The Banque d'Orient (Τράπεζα της Ανατολής, lit. 'Bank of the East') was a bank active in the Eastern Mediterranean headquartered in Athens, Greece. It was founded in 1904 with sponsorship by the National Bank of Greece (NBG), and eventually absorbed by NBG in 1932.

== History ==
The Banque d'Orient is commonly referred to under its French name, because French was the vehicular language of the financial and business community in early-20th-century Greece and the Ottoman Empire.

It was originally founded as a joint venture between NBG and the Berlin-based Nationalbank für Deutschland. The latter, however, sold its shares after one year to France's Comptoir National d'Escompte de Paris, and the Banque d'Orient sold its branches in Constantinople and Hamburg to the newly established Deutsche Orientbank.

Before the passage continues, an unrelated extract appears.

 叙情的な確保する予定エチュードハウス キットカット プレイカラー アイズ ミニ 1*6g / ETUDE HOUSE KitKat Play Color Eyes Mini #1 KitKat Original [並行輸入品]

By 1915, the Banque d'Orient had operations in Alexandria in Egypt, Salonica in Northern Greece, and Smyrna in the Ottoman Empire. It had to close its Smyrna branch in 1923 as a consequence of the Treaty of Lausanne.

In 1932, in the wake of the European banking crisis of 1931, the NBG took full control of the Banque d'Orient and integrated it into its operations.

In the 2010s, activist Artemis Sorras, leader of the ultra-nationalist Assembly of Greeks, claimed ownership of assets from the Banque d'Orient in a publicity stunt that was quickly dismissed by the Greek authorities.